ANALYSIS – The Transnational Antifascist Movement: Ideological Violence and Atlantic Polarization

By Angélique Bouchard
In early 2026, as the West reels from the combined pressure of a newly unapologetic national right and a radical left that rejects all compromise, the death of Quentin Deranque in Lyon is not a tragic isolated incident. It is the brutal symptom of a cold civil war taking root in the Atlantic democracies.
As long as political leaders continue—whether out of electoral calculation or fear of being labeled authoritarian—to tolerate the rise of an antifascist movement that legitimizes physical violence in Europe and institutional subversion in the United States, we are heading inexorably into a decade in which the streets and classrooms will become the new arenas of ideological confrontation.
The stakes now go far beyond public safety: the very survival of the republican contract is on the line against actors who, under the pretext of fighting a largely imagined “fascism,” are openly preparing the ground for a violent challenge to democratic order.
It falls to conservatives, in France as in the United States, to make the decisive choice today: allow a chaos orchestrated by a transnationalized far left to take hold, or seize the initiative with a firm, coordinated, and utterly uncompromising political response.
The Lyon Tragedy: Organized, Doctrinal Violence
The facts are chilling in their cold brutality. On February 12, on the sidelines of a counter-demonstration organized by the Némésis collective near Sciences Po Lyon, Quentin Deranque—a 23-year-old mathematics student with no criminal record and described as non-violent—was volunteering to provide security for female activists. Pursued by a group of around thirty individuals—some masked—he was swept off his feet, his skull struck the pavement with terrible force, and he was then beaten mercilessly. Firefighters arrived at 7:40 p.m. on Quai Fulchiron, nearly two kilometers from the initial scene. Placed in a coma with brain death, he passed away two days later.
The family’s attorney, Me Fabien Rajon, denounced a “methodically prepared ambush” carried out by “organized and trained individuals, vastly outnumbering their target and armed.” The Lyon prosecutor has charged the case as “aggravated fatal assault,” with aggravating circumstances of group action, use of weapons, and concealed faces. While the investigation continues, multiple leads point to Lyon’s far-left scene, including activists linked to the Jeune Garde—a group co-founded by La France Insoumise MP Raphaël Arnault and dissolved in June 2025 for “incitement to violent acts.”
Criminologist Xavier Raufer sees in this the hallmark of a “centuries-old phenomenon”: violence is inherent to certain far-left factions, inherited from the armed groups of the 1970s and 1980s and from contemporary black blocs.

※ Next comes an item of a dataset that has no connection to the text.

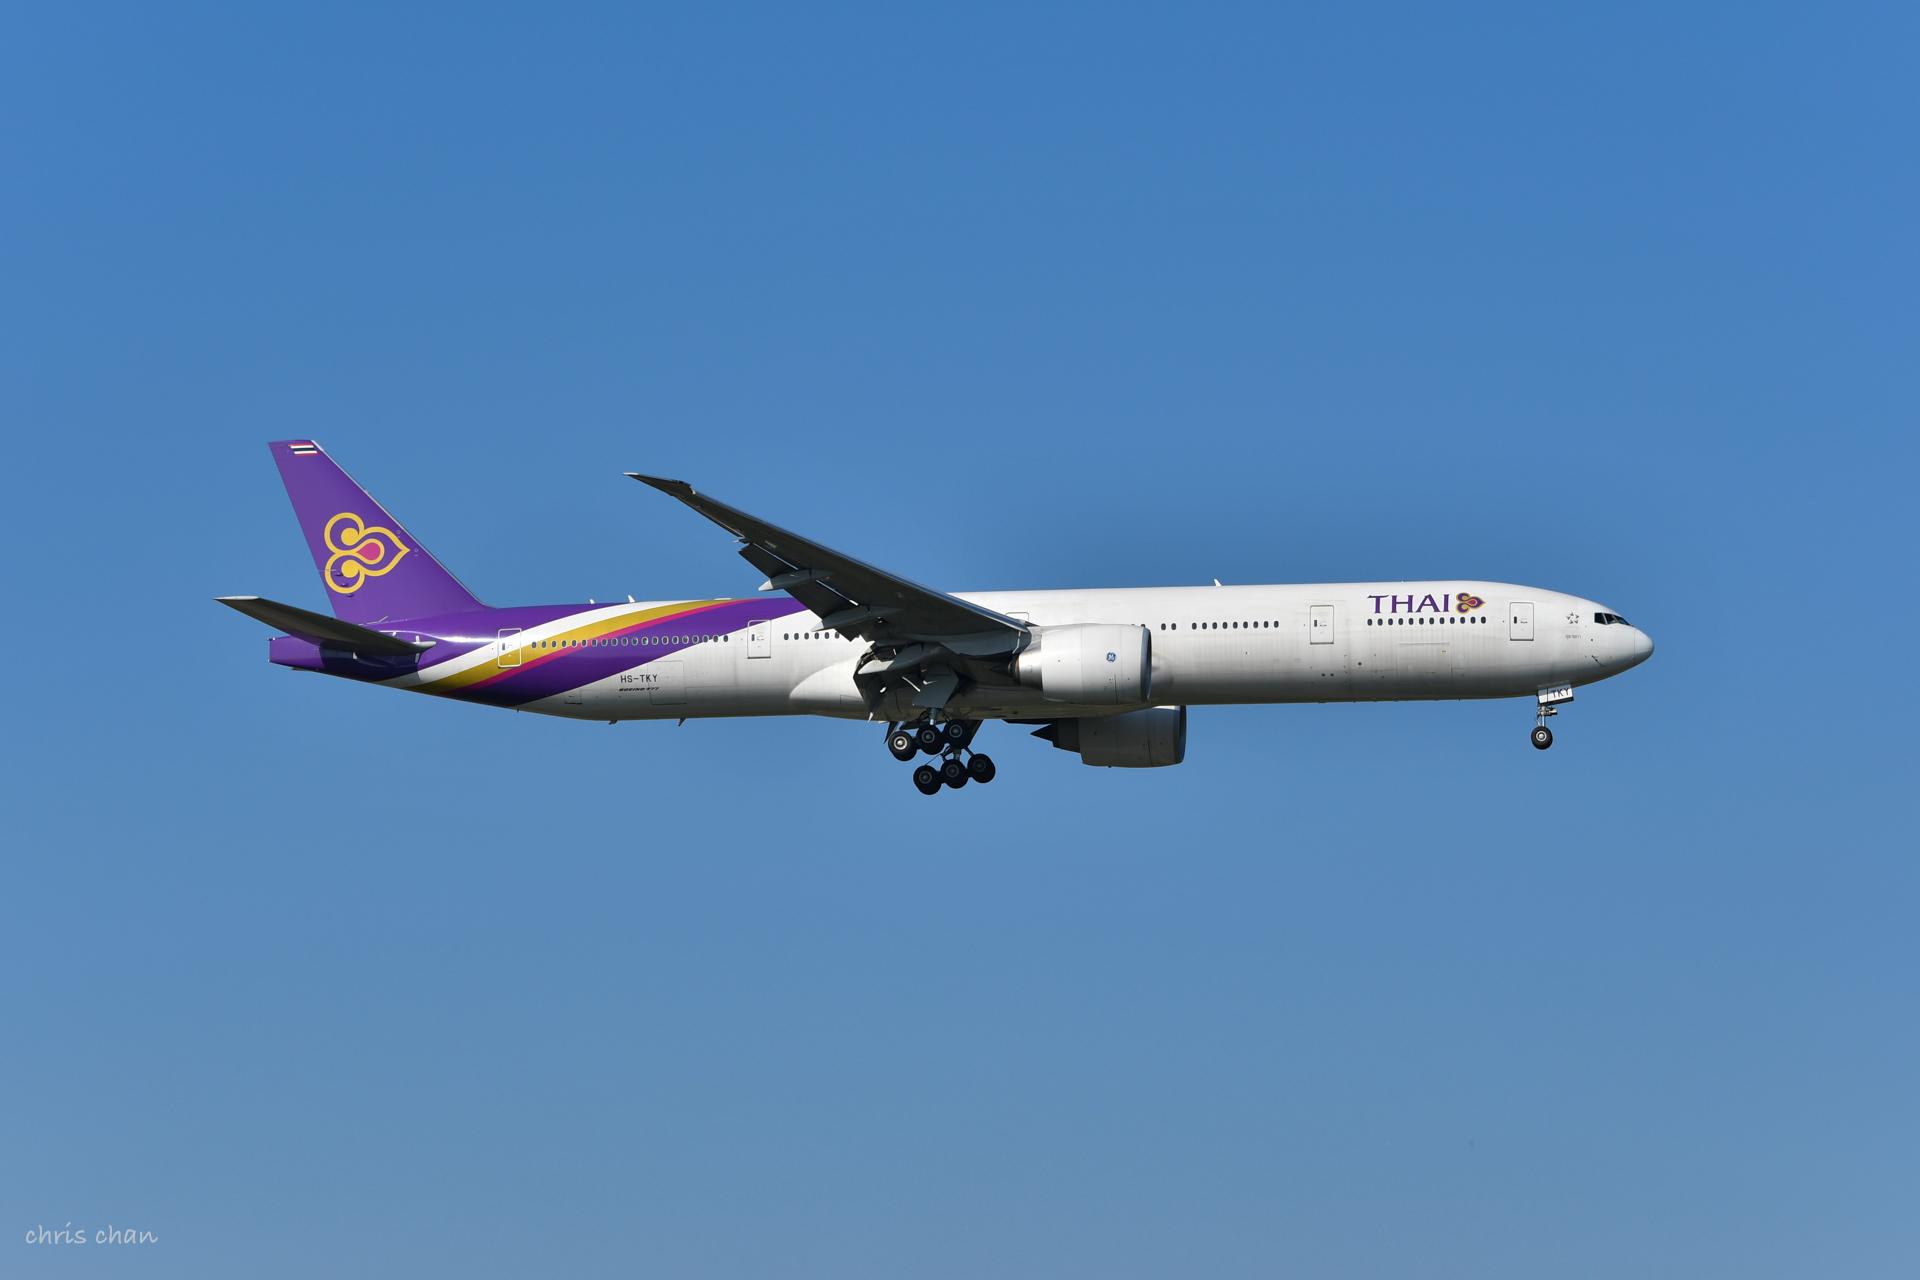 Re:[原创]新人报道——PVG首拍 BOEING 777-300ER HS-TKY 中国上海浦东国际机场

Applying this framework to the Lyon-based Jeune Garde antifascist group, Raufer identifies the very archetype of this violent continuity: founded in 2018 by Raphaël Arnault (elected LFI deputy in 2024), the group presented itself as a self-defense antifascist movement but was dissolved in June 2025 for “provocation to violent acts” and incitement to hatred.
Raufer stresses that, far from being merely defensive, the Jeune Garde embodied a proactive and structured form of violence, with coordinated actions (street confrontations, “corrections”) rooted in revolutionary traditions. Its dissolution, in his view, merely drove its members underground into more effective clandestine networks—as suggested by the fatal assault on Quentin Deranque in February 2026, where individuals from this dissolved network are suspected of operating with the professionalism typical of black blocs: reconnaissance, overwhelming numbers, and deliberate lethality.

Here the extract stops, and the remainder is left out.